Thesis Title Relational goverance of networks in marketing channels
School, Centre or Institute School of Business
Institution The University of Queensland
Publication date 2004
Thesis type Honours Thesis
Total pages 176
Language eng
Subjects 1505 Marketing
Formatted abstract
      Interfirm relationships in marketing channels, such as distribution networks and supply chains, are inherently complex. Typical relationship forms involve multiple parties (firms) engaged in a network-type structure. Understandings of these types of relationships and relationship structures in extant literature have mostly analysed isolated, discrete dyadic relationships. These relational dyads can be conceptualised as agency relationships. Agency relationships are prevalent in marketing and marketing channels (Bergen, Dutta, and Walker 1992). Extant literature has considered these dyads as being comprised of a single principal and a single agent. In reality, multiple, linked relational dyads form relationship networks. The governance of these networks of relational dyads has been scantly considered in extant literature, and is the focus of this thesis. The general aim of this thesis is to develop a better understanding of relationship network governance in marketing channels.
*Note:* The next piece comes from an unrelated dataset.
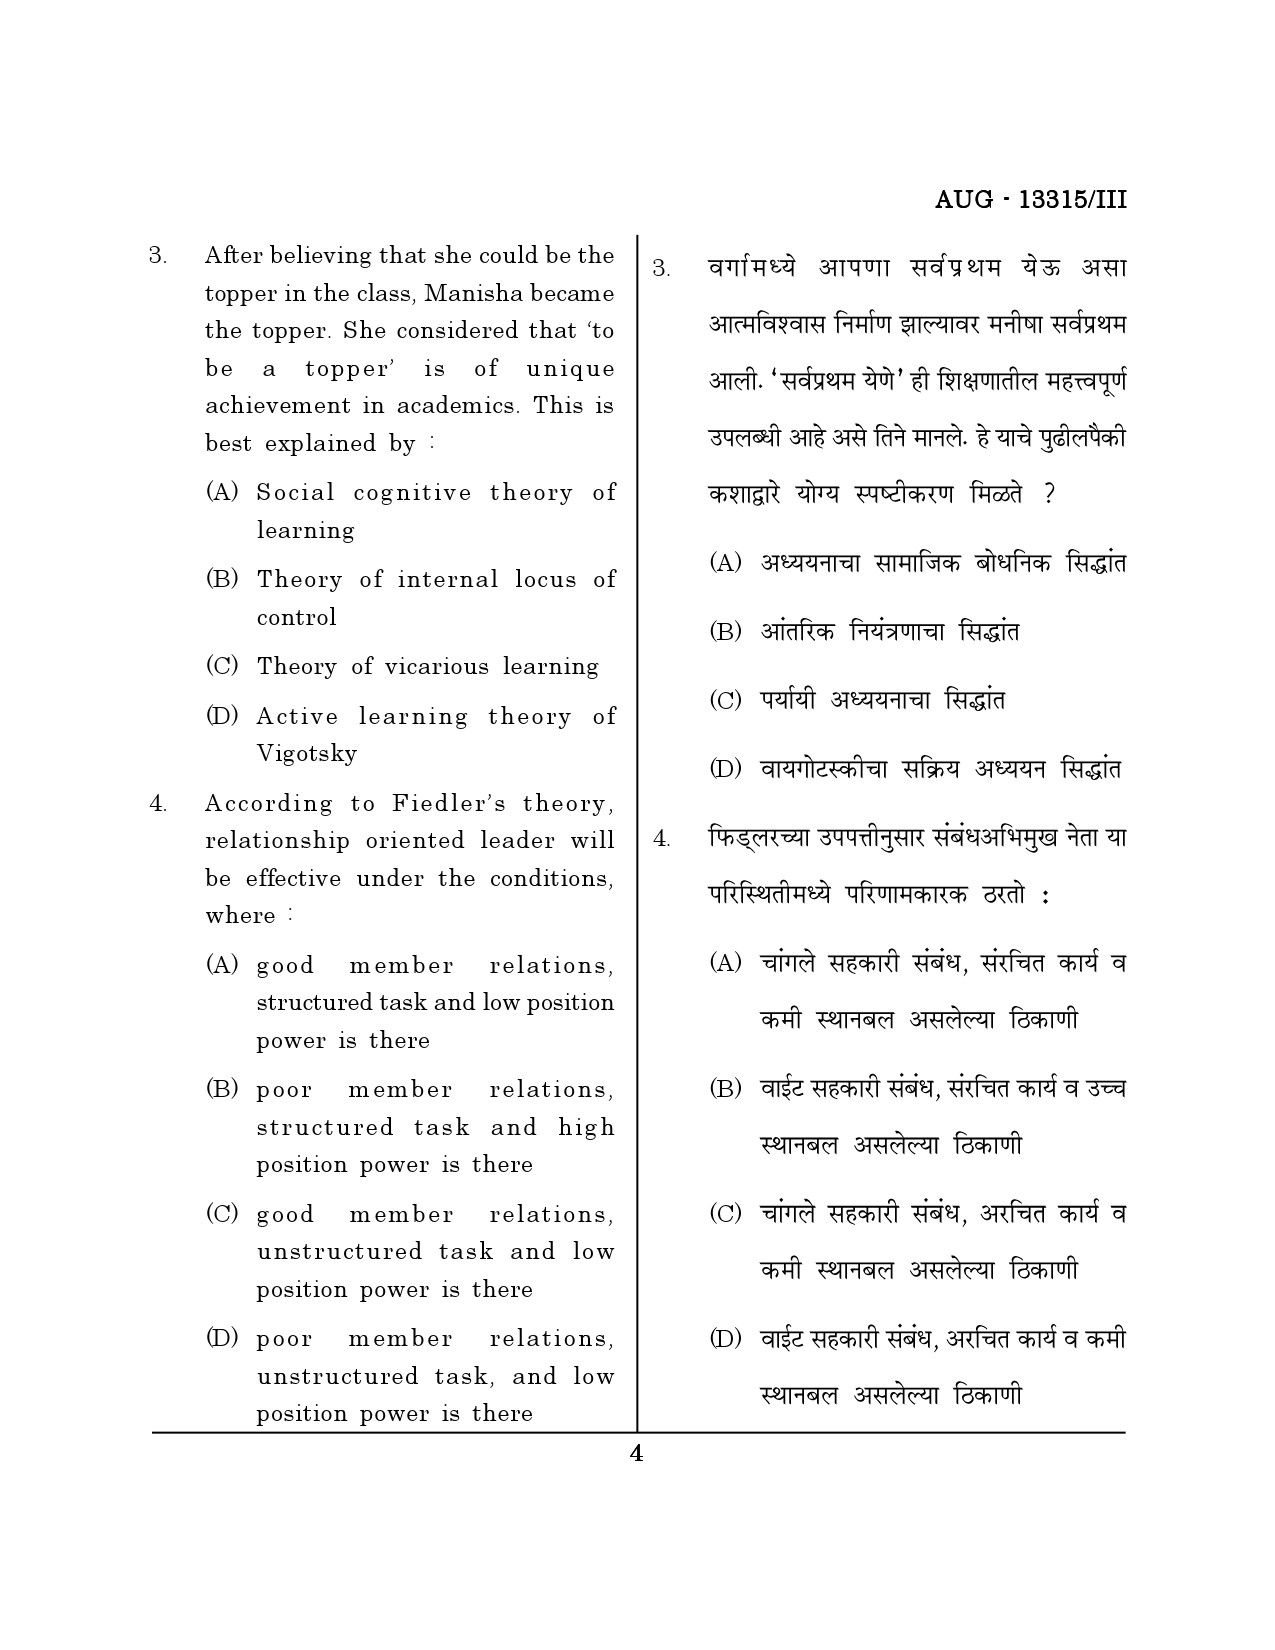 Maharashtra SET Psychology Question Paper III August 2015 3

      This thesis addresses this general aim of developing a better understanding of relationship network governance in a number of ways. Firstly, an alternative, more general typology for relationship networks is advanced. This typology extends previous descriptive studies on network structures (e.g., Anderson, Hakansson, and Johanson 1994). Secondly, a conceptual framework of relationship governance in a network environment and its performance outcomes is developed. Relational governance, a non-traditional form of governance based on principles of informal socialisation between parties is considered in this framework as an appropriate governance mechanism under network conditions of uncertainty and complexity. Finally, the thesis presents the results and conclusions of an empirical study aimed at testing this conceptual framework and its associated research hypotheses.

      The empirical part of this thesis is based on a field survey of 191 relationship managers from 100 firms. Advertising agencies and market research firms participated in this study. Involved and thorough data analysis procedures were undertaken, and the results reported in this thesis provide support for the conceptual framework. It is found that relational governance of external and internal relationships by a focal firm in a channel network has a significant positive effect on the performance of those relationships, which in tum is significantly positively related to overall focal firm performance (marketplace and financial performance). Put simply, relational governance approaches in a channel network context are shown to generate positive performance outcomes at the relational dyad level and the firm level.
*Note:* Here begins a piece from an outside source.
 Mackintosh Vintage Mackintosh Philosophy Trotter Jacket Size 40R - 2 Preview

      In sum, the main findings of this thesis emphasise the importance of relationship network governance, and show that a non-traditional, more informal approach to governing relationships across a relationship network that relies on implicit relational norms as control mechanisms has a positive effect on both relationship performance and firm performance. This represents an important contribution to theory, and a major step closer to the development of a more general marketing theory of relationship network governance. This thesis provides guidance for further theorising with respect to appropriate types of governance systems in a complex and uncertain network environment. Strategic implications for practitioners and implications for public policymakers (particularly for competition regulation) are also considered.

      Relationship networks are, by definition, complex, uncertain, and potentially risky for firms within them. In modem, free markets, most firms are unlikely to be able to avoid participating in relationship networks; the cornerstone of strategic competition in a dynamic marketplace is cooperation (Morgan and Hunt 1994). This thesis represents a significant first step towards a more general theory and understanding of relationship network governance in marketing channels.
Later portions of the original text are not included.